TORONTO — The buzz coming from the stands inside Scotiabank Arena ramped up each time Pascal Siakam got the ball in isolation. Fadeaway, layup, pull-up jumper, baseline spin — the Washington Wizards had no answer for any of it, and the crowd was ready to erupt after each bucket.
The Wizards lost their second straight and for the third time in four games by taking a 102-90 defeat against the Raptors. They followed one of their worst games of the season — Friday’s 116-101 home loss to the Cleveland Cavaliers — with an ugly first half that put them in a hole too deep to climb out of.
Siakam put up 31 points, falling one shy of his season high, while adding six rebounds and three assists. He had 17 points on 7-for-7 shooting in the second quarter alone as Toronto went into halftime with a 63-42 lead.
The Wizards scored just 12 points in the first quarter, their fewest in a quarter this season. The offense picked up in the second, but the Raptors scored 40 points to erase any advantage. Guard Kentavious Caldwell-Pope decried a “lazy mentality” for the slow starts.
“[Siakam is] a really good player,” Coach Wes Unseld Jr. said. “Second half we tried to minimize switching on certain guys. The bottom line, 12-point first quarter, puts you in a hole for us offensively. Second quarter, they got going. Scored 40 points. ... From those two quarters alone, there’s the game.”
Unseld said the Wizards need to limit empty possessions; he believes pressure seems to mount on his players when shots aren’t falling and, in turn, they start to press.
Chris Boucher finished with 14 points off the bench for Toronto, and Precious Achiuwa had 10 points and 14 rebounds.
Caldwell-Pope was the lone bright spot for the Wizards: He had 26 points on 8-for-9 shooting (including 4 for 4 from three-point range) after getting hot in the second half. Bradley Beal was Washington’s only other player in double figures with 14.
“Just taking my shots,” Caldwell-Pope said. “Being comfortable. Taking what the defense is giving me. Just playing within the flow of the game. Just wanted to go out tonight and just play basketball. Last game I had a lot going on with the refs. I know that takes me out of my game, and it hurts my team. So tonight I tried to just really focus on myself and get the job done.”
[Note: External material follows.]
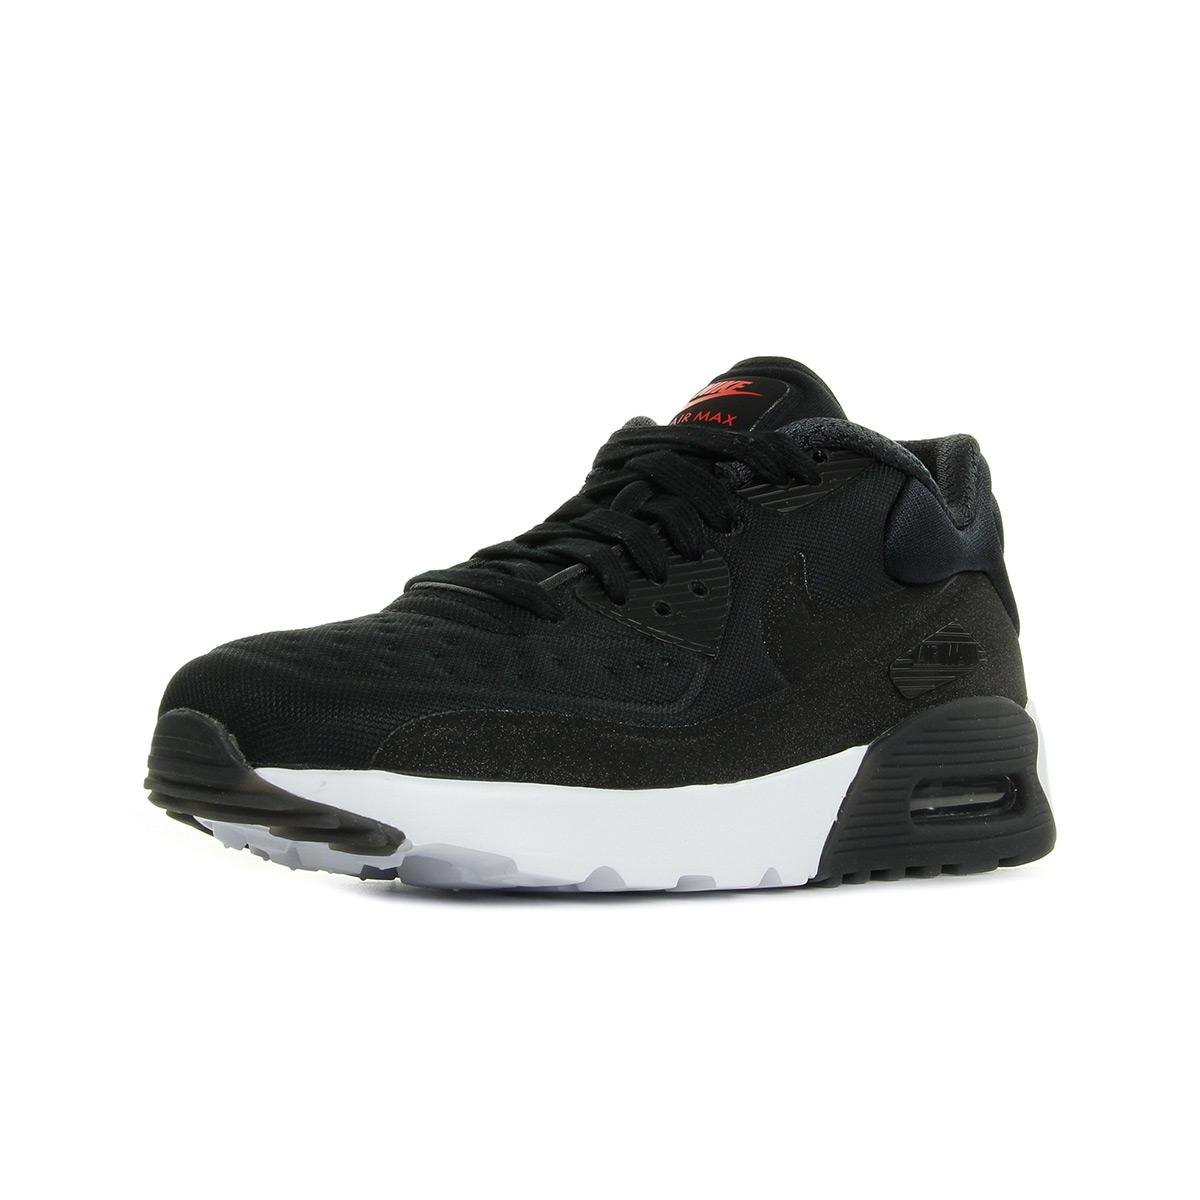 Chaussures Nike Chine Usine Chaussures Grossiste Grossiste Chine Grossiste Nike Chine Chaussures Usine vNmnOy80w

Here is what to know about Sunday’s game:
Centers struggle again
Consistency continues to be an issue for centers Daniel Gafford and Montrezl Harrell. Gafford was held to his second-fewest points of the season Friday and matched that output with four Sunday. He had more fouls (five) than shot attempts (four). Harrell failed to score in double figures for just the second time Friday and matched a season low with six points Sunday.
“It’s not for lack of effort,” Unseld said before the game. “They’re trying to get us going at times, but it’s plays aren’t going their way [or] they’re not going to the line. Whatever it may be, I don’t think it’s an effort issue, which I can live with. The ball just doesn’t go in. It is what it is, but I think they’re just continuing to try to find ways to impact the game for us.”
Beal remains off-target
Beal’s shot continues to be off; he finished 4 for 12 from the field. He has failed to shoot better than 40 percent in each of his past four games.
The NBA’s second-leading scorer last season was held to 19 points or fewer in each of those games, and his 14 points Sunday matched a season low — which he set in Friday’s loss. The Raptors blitzed Beal with traps and sent extra defenders at every opportunity, but Washington wasn’t able to take advantage when he passed out of them.
Sticking with the plan
Wizards point guard Spencer Dinwiddie has not played in the second game of back-to-backs as part of a plan to be careful with his surgically repaired right knee. Washington was set to fly to Indianapolis after Sunday night’s game, with a 7 p.m. tip-off slated for Monday against the Indiana Pacers. Unseld said the Wizards have talked about Dinwiddie sometimes taking off the first half of back-to-backs, but they’re comfortable with the way they have decided to do things.
Dinwiddie continued his recent offensive struggles with nine points on 3-for-11 shooting Sunday.
“We’ve got guys who can score,” Unseld said. “He, I think, takes the mind-set of, ‘I got to set the table for everybody.’ A lot of times we’ve seen him get going late in the second half and all through the fourth quarter. The challenge is finding that balance where you pick your spots and be aggressive. There are times where, I’m not saying he’s turning down shots, but I think he’s looking to keep others involved instead of attacking a matchup that we like. Play downhill — that plays to his strength.
“So maybe it’s me just having a couple more plays specifically for him, and maybe that helps get him going.”